The gentleman I was talking with would probably be considered a deist. A deist believes there most likely is a God, but once He created everything, He stepped out of the way and left humans to be responsible for themselves and creation. But this man’s health battle has been causing him to consider multiple spiritual possibilities. Because he knows I am a pastor, he asked me the age-old question: “If God is good, why does He allow suffering?”

I won’t try to recap our entire thirty-minute conversation (besides, Tim Keller does a far better job handling this topic than I), but I did share this thought with my friend: While I may not fully understand why God allows what He allows (cancer, abuse, kidnappings, wars, etc.), if we are going to place the blame for the bad in life on Him, then we also have to give Him credit for the good.

In my opinion, the fact God allows the sun to rise each day, supplies air for our lungs, gives us friends and family, provides food for our stomachs, and ultimately sent Jesus to die in our place on the cross shows us an immense good that overwhelms the deeply horrific evil that exists in our world today. I know it is very difficult to see all of this in the face of deep struggle and pain, but whether we feel it or not, the truth of His steadfast love remains.

The Problem of Me

But to only focus on God’s allowance of evil ignores the evil done by us. While you may not have murdered anyone or embezzled any money, you’ve most likely lied, cut corners, gossiped, unfairly judged another person, had impure thoughts, given your primary affections to anything other than God, or said cruel things to another person. As Romans 3:23 makes clear, all of us have sinned.

Yet, despite our sin against Him and other humans, God still loves us. He may not approve of our actions or thoughts, but He is still passionately in love with us. This means His love isn’t earned; He freely gives it. Romans 5:6-10 teaches us that God loved us while we were weak, sinful enemies of His.

Love that Conquers All

Loving Steadfastly

This is why, when He is giving us His “bio” in Exodus 34:6-7, God describes Himself as “abounding in steadfast love.” Through all the evil and difficulties we face in life, as well as through the sins committed by us, His love doesn’t diminish or fail. I can’t tell you why He allowed you to not get the job or allowed your loved one to pass away. Nor can I tell you why He didn’t stop you from that stupid sin you committed. But I can tell you He loves you deeply, passionately, and consistently.

After all, the cross shows us God is not unacquainted with our pain, nor does He ignore our sins. And the resurrection of Jesus shows us that suffering is not the end, therefore we can have hope. (God teaches elsewhere in Scripture that our suffering can still be used for our good – see Romans 5:3-5 and 8:28-30.)
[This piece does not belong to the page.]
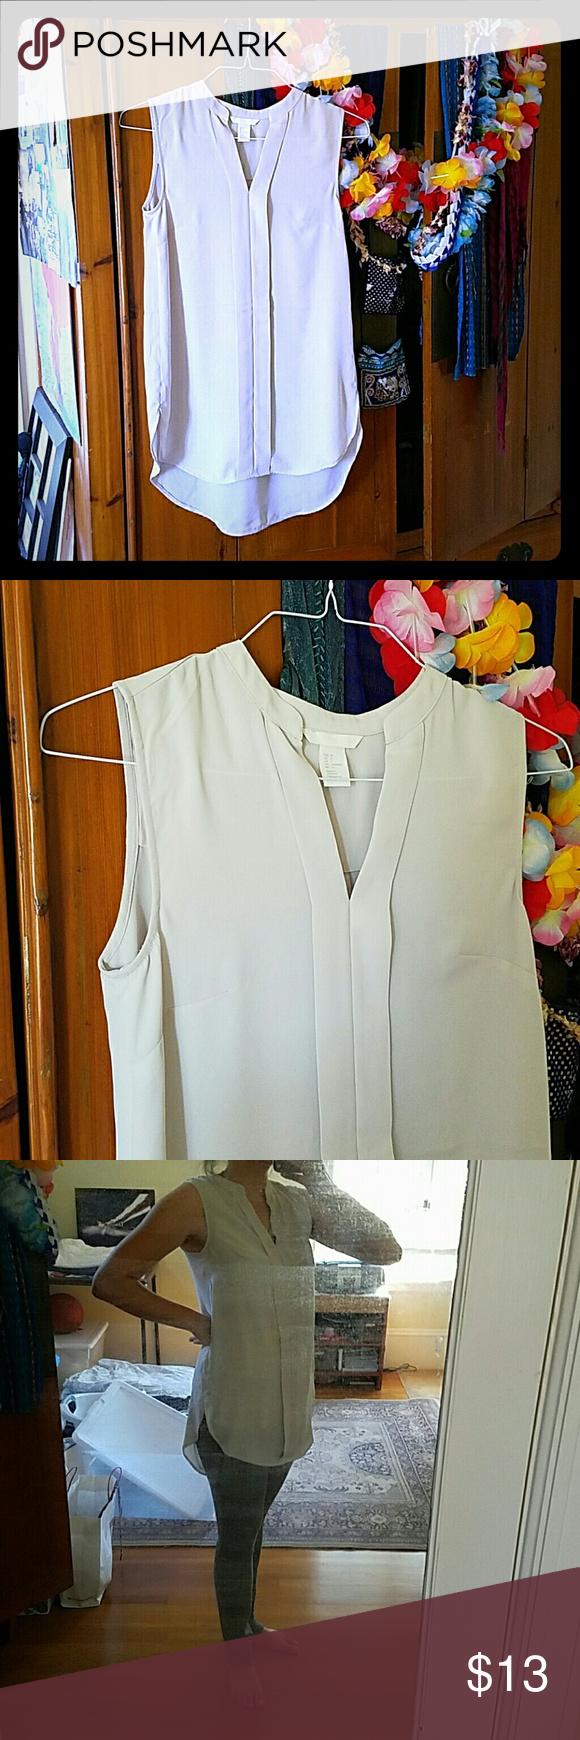 H&M sheer beige office tunic Very light, formal/casual semi-sheer tunic. New, never worn. H&M Tops Tunics
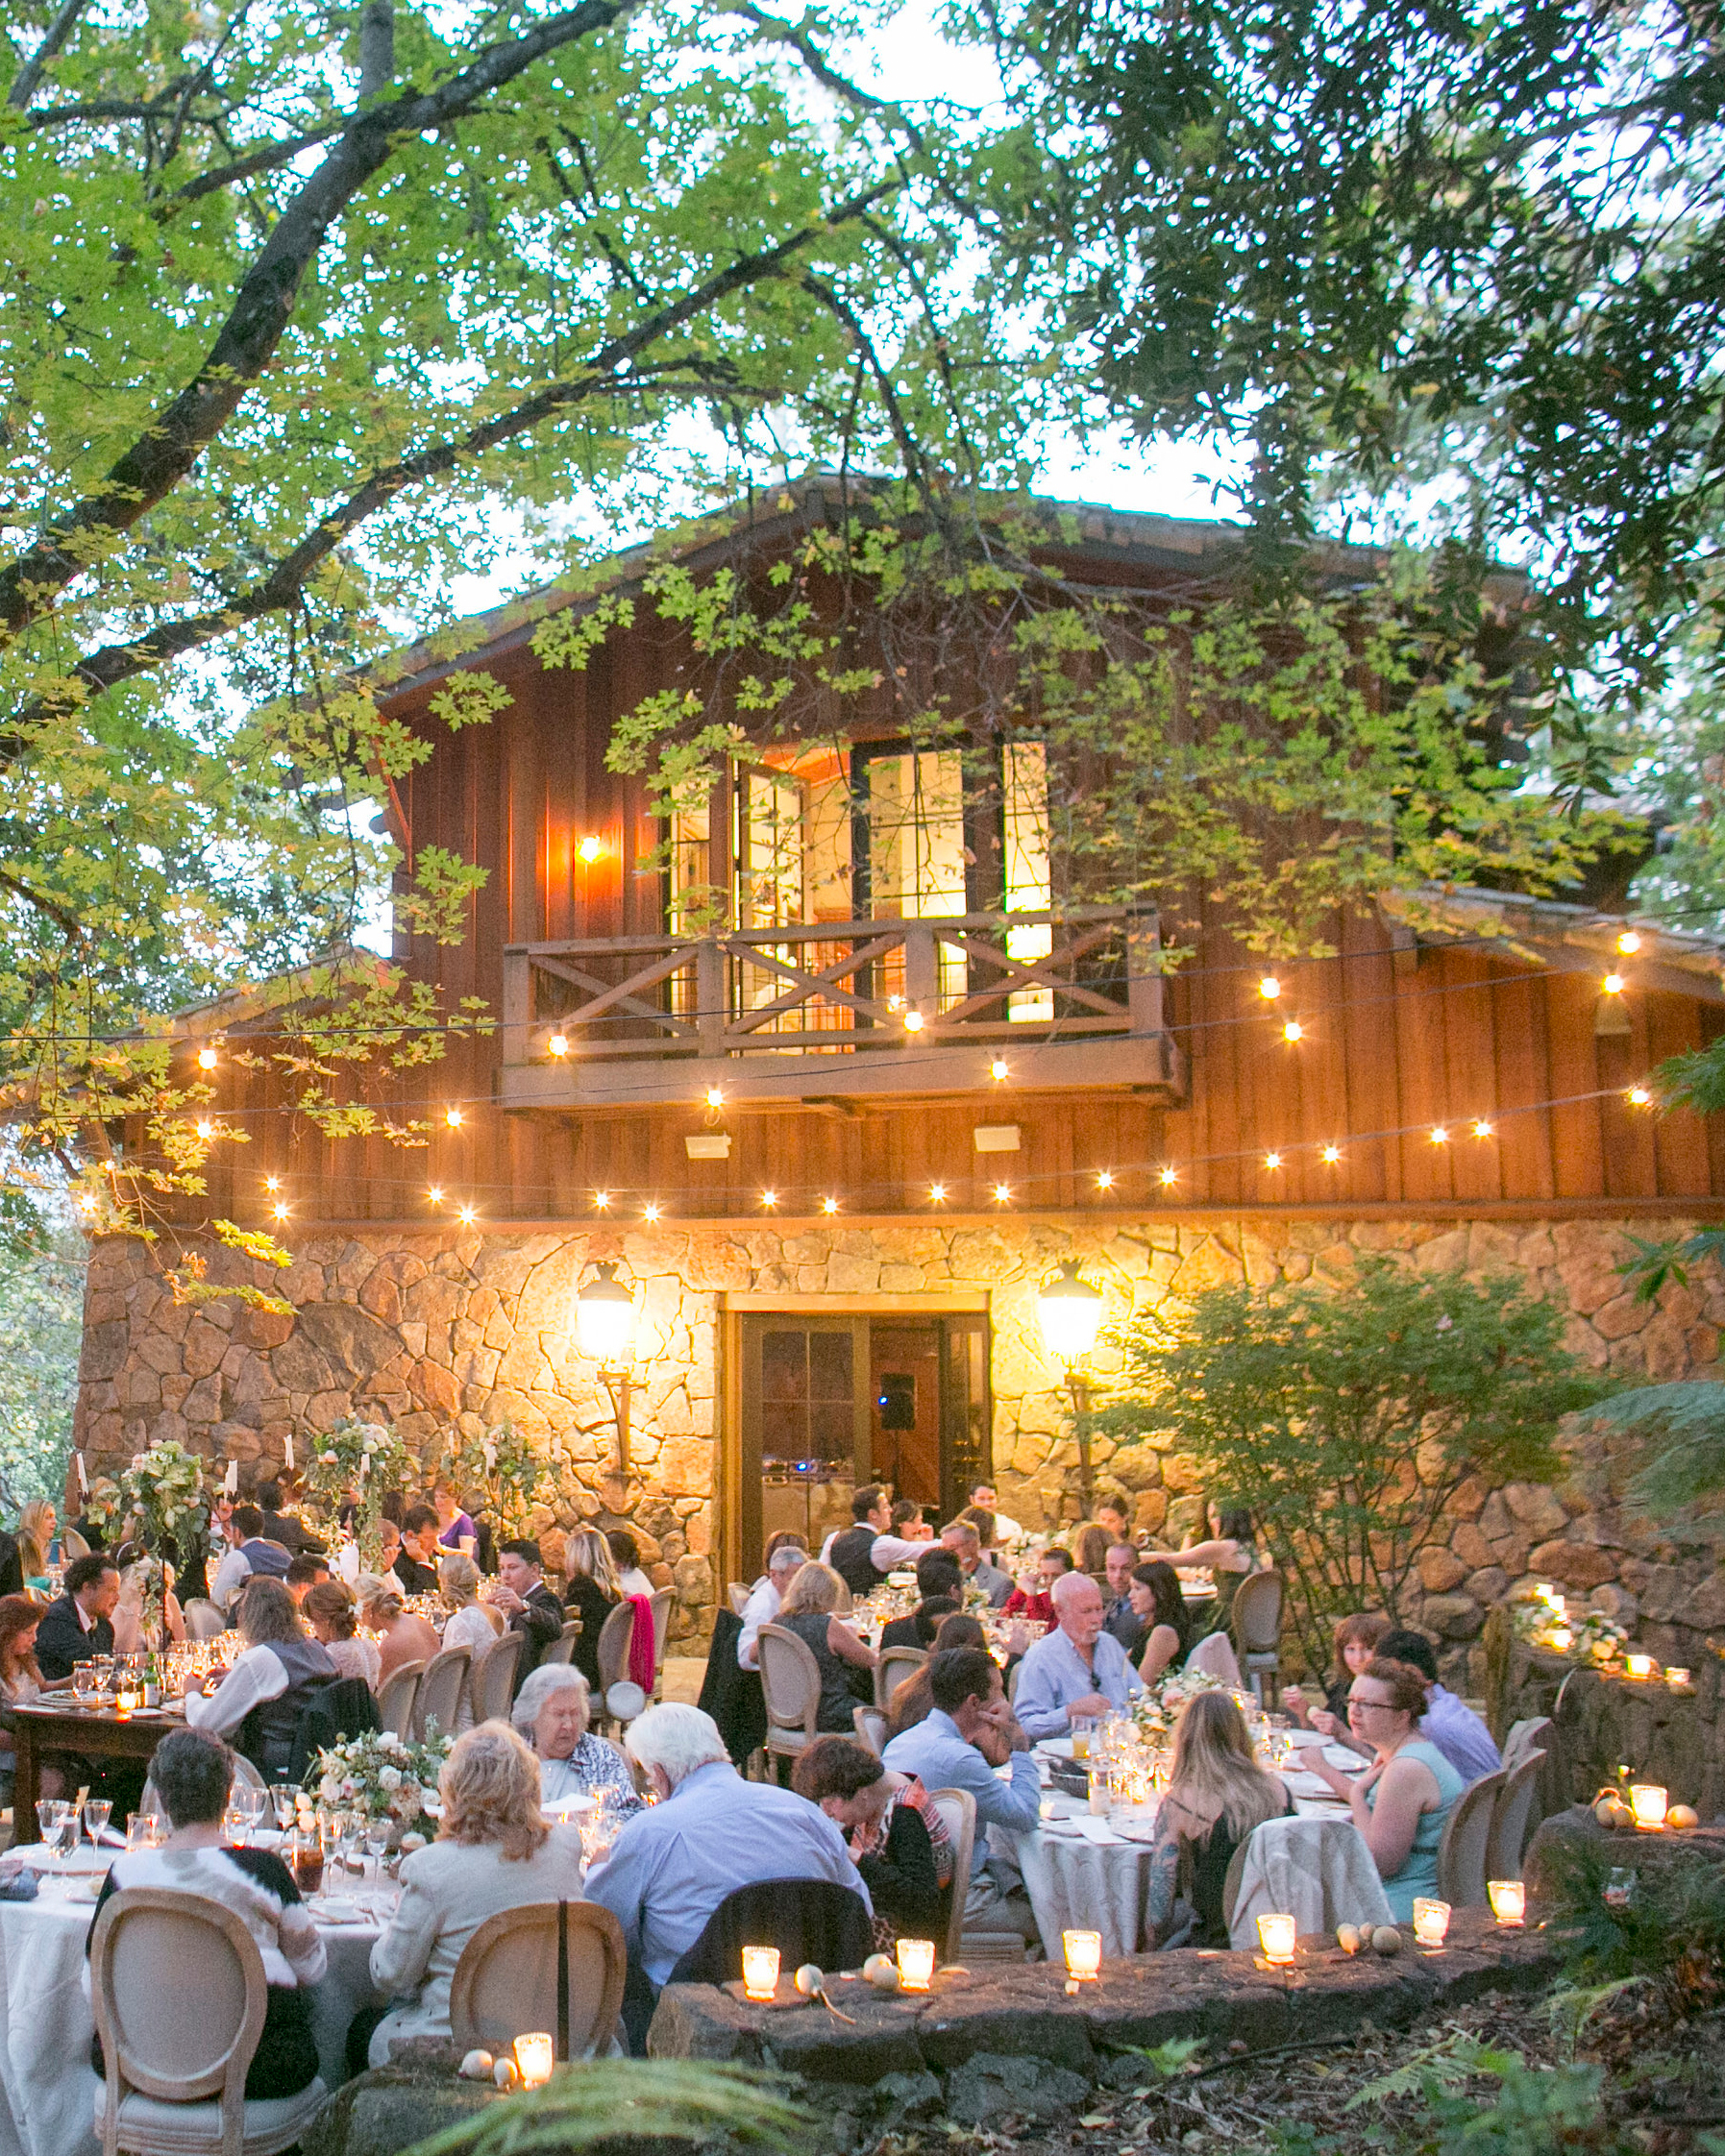 briana-adam-wedding-reception-1377-s112471-1215.jpg

To help us see just how steadfast His love is, God tells us in verse 7 that He “keeps steadfast love for thousands” of generations. Think about that: God’s love extends to generation after generation after generation. THAT’S steadfast! (We’ll look at this idea more in three weeks.)

So no matter…

  • what you might be going through right now,
  • what sins you might have committed last week or last year or last decade,
  • or what evil may have been done to you…

…may you find solace in the reality of God’s steadfast love for you.